A scala class contains a single lazy val it is implemented using a boolean flag 
to track if the field has been evaluated. When a class contains, multiple lazy 
val’s it is implemented as a bit mask shared amongst the variables. This can 
lead to inconsistencies as to whether serialization forces evaluation of the 
field, in general lazy val’s should always be marked @transient for expected 
behavior.

Seth

From: Stephan Ewen <se...@apache.org>
Date: Monday, October 9, 2017 at 2:44 PM
To: Kostas Kloudas <k.klou...@data-artisans.com>
Cc: Colin Williams <colin.williams.seat...@gmail.com>, user 
<user@flink.apache.org>
Subject: Re: serialization error when using multiple metrics counters

Interesting, is there a quirk in Scala that using multiple lazy variables 
results possibly in eager initialization of some?

On Mon, Oct 9, 2017 at 4:37 PM, Kostas Kloudas 
<k.klou...@data-artisans.com<mailto:k.klou...@data-artisans.com>> wrote:
Hi Colin,

Are you initializing your counters from within the open() method of you rich 
function?
In other words, are you calling

counter = getRuntimeContext.getMetricGroup.counter(“my counter”)

from within the open().

The counter interface is not serializable.

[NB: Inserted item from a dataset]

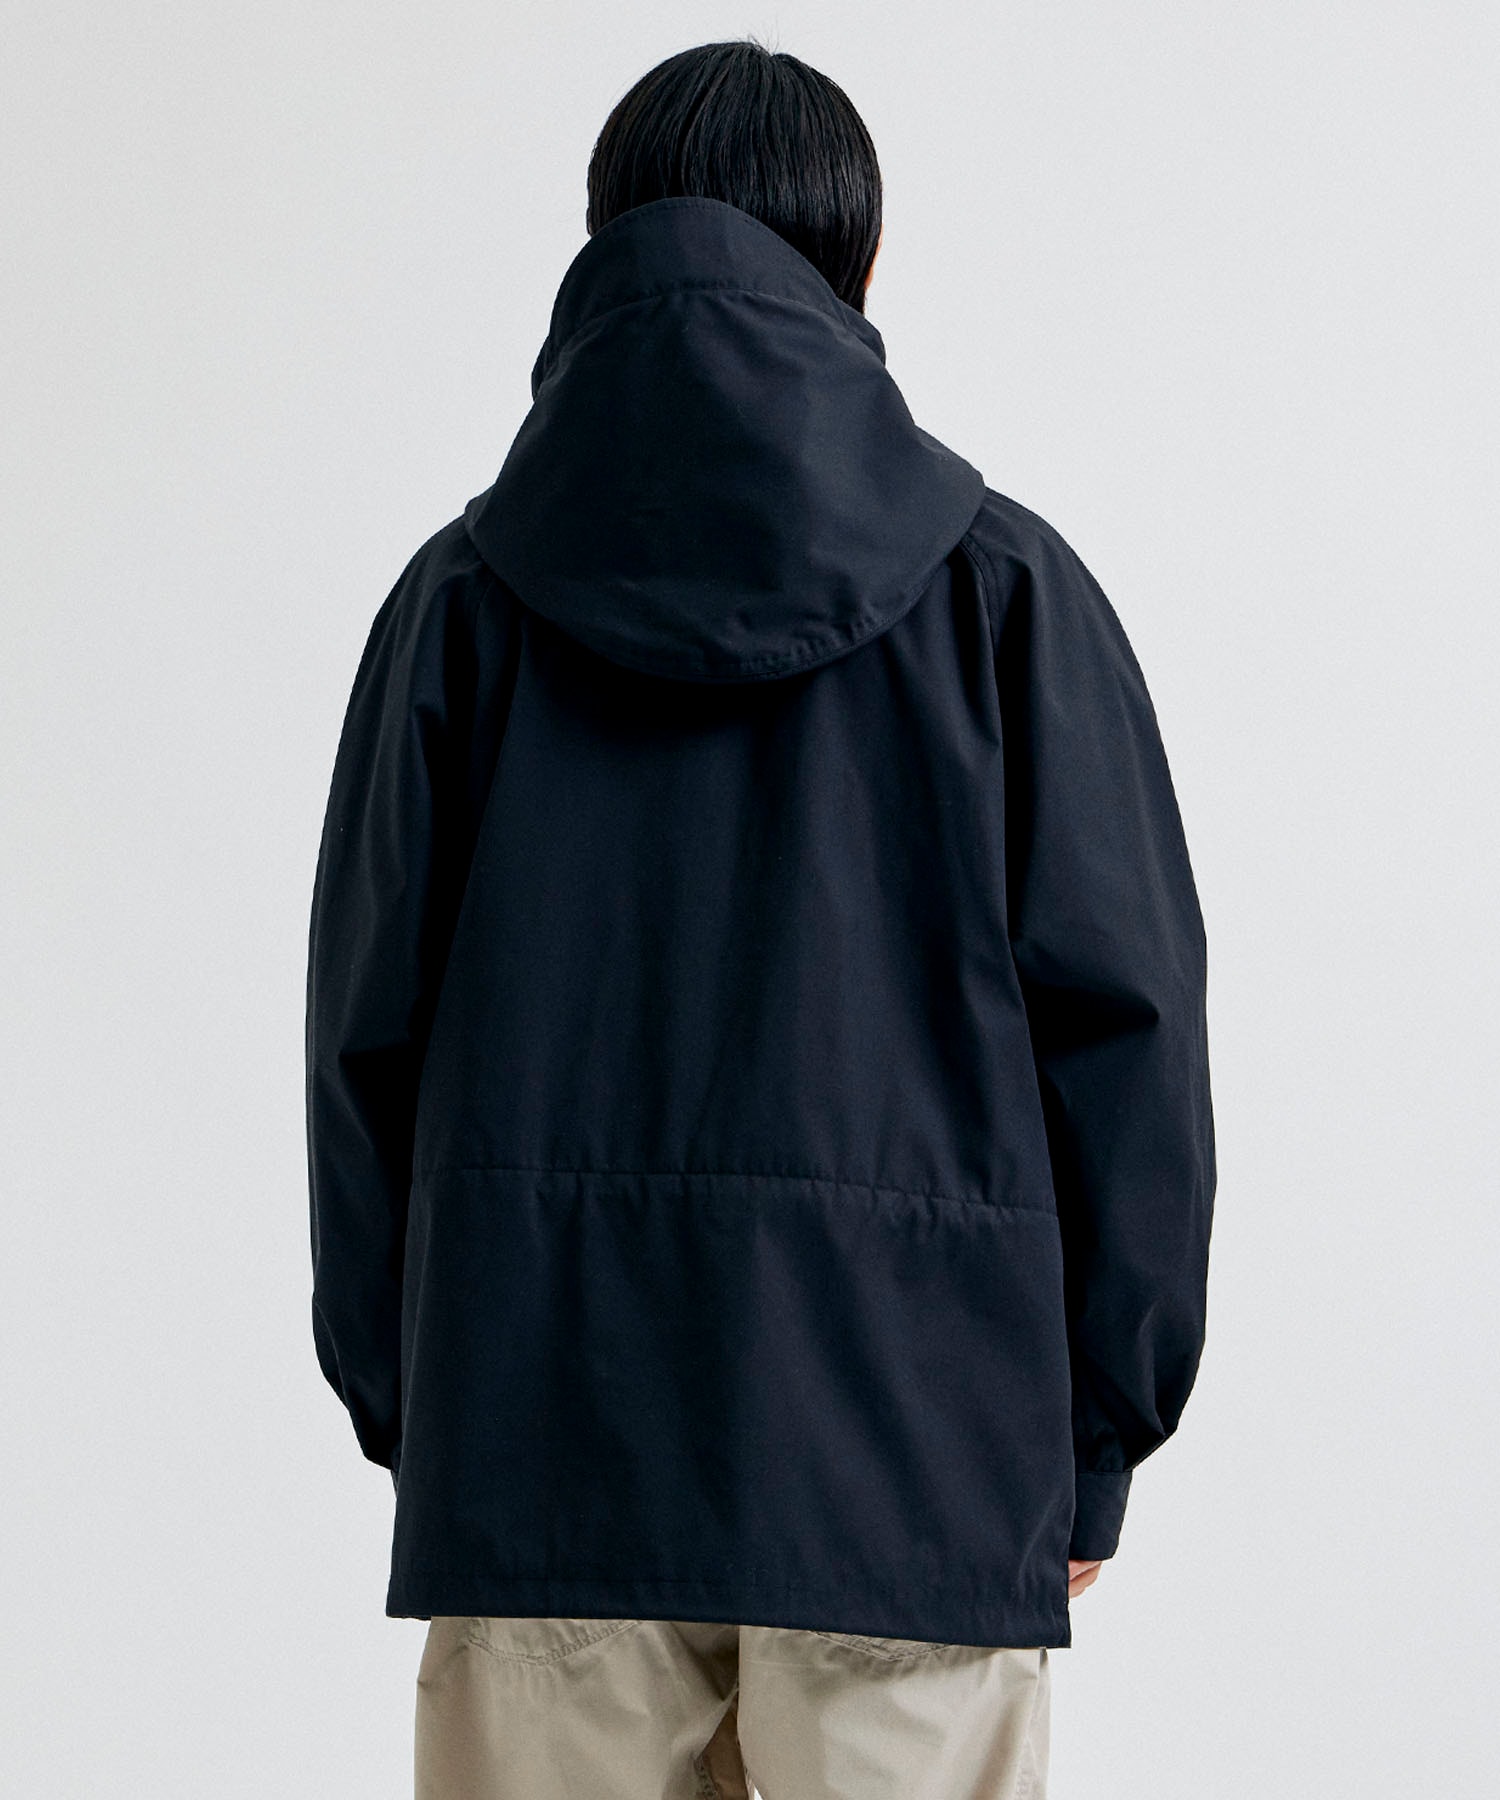 65/35 Mountain Parka THE NORTH FACE PURPLE LABEL
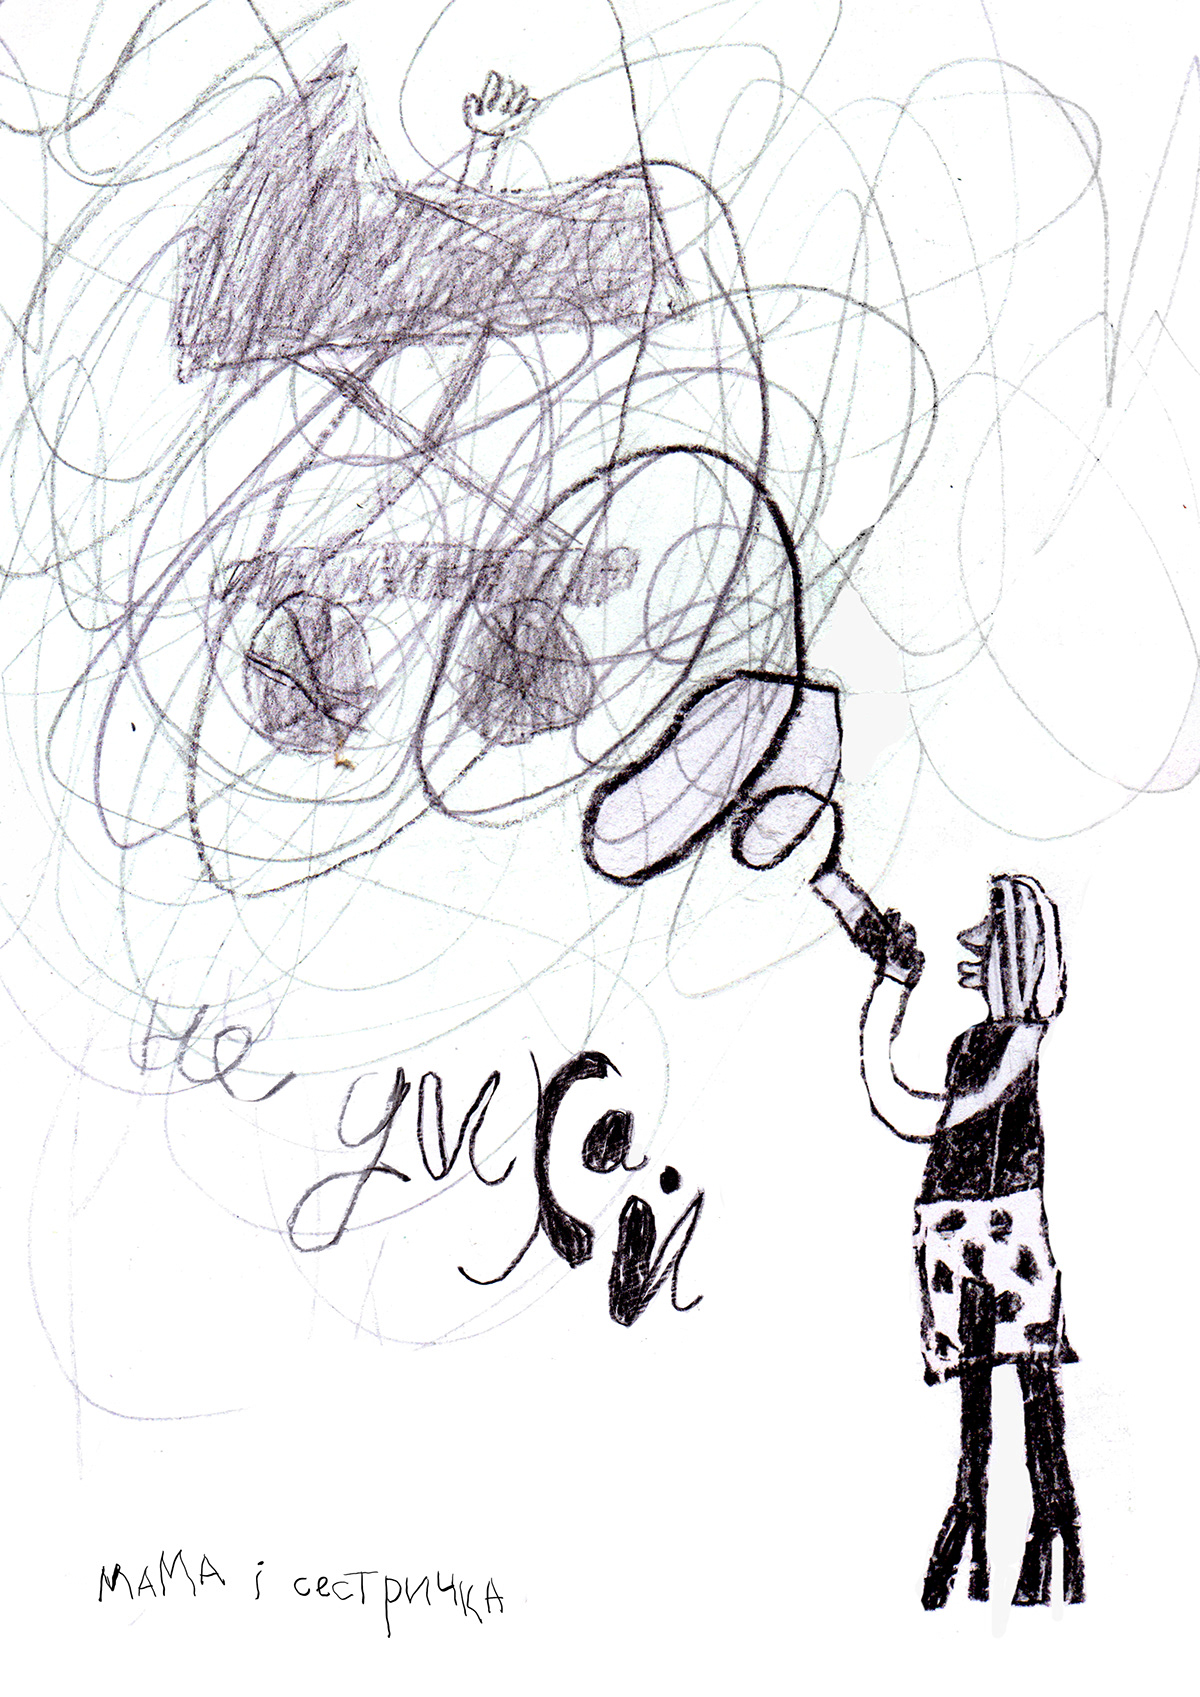 poster graphic design  child abuse social problem violence domestic violence hand drawing

So if you instantiate the counters 
outside the open(),
when Flink tries to ship your code to the cluster, it cannot so you get the 
exception.

You can have a look at the docs for an example:
https://ci.apache.org/projects/flink/flink-docs-release-1.3/monitoring/metrics.html

Thanks,
Kostas

On Oct 7, 2017, at 11:34 PM, Colin Williams 
<colin.williams.seat...@gmail.com<mailto:colin.williams.seat...@gmail.com>> 
wrote:

I've created a RichMapFunction in scala with multiple counters like:

   lazy val successCounter = 
getRuntimeContext.getMetricGroup.counter("successfulParse")
   lazy val failedCounter = 
getRuntimeContext.getMetricGroup.counter("failedParse")
   lazy val errorCounter = 
getRuntimeContext.getMetricGroup.counter("errorParse")

which I increment in the map function. While testing I noticed that I have no 
issues with using a single counter. However with multiple counters I get a 
serialization error using more than one counter.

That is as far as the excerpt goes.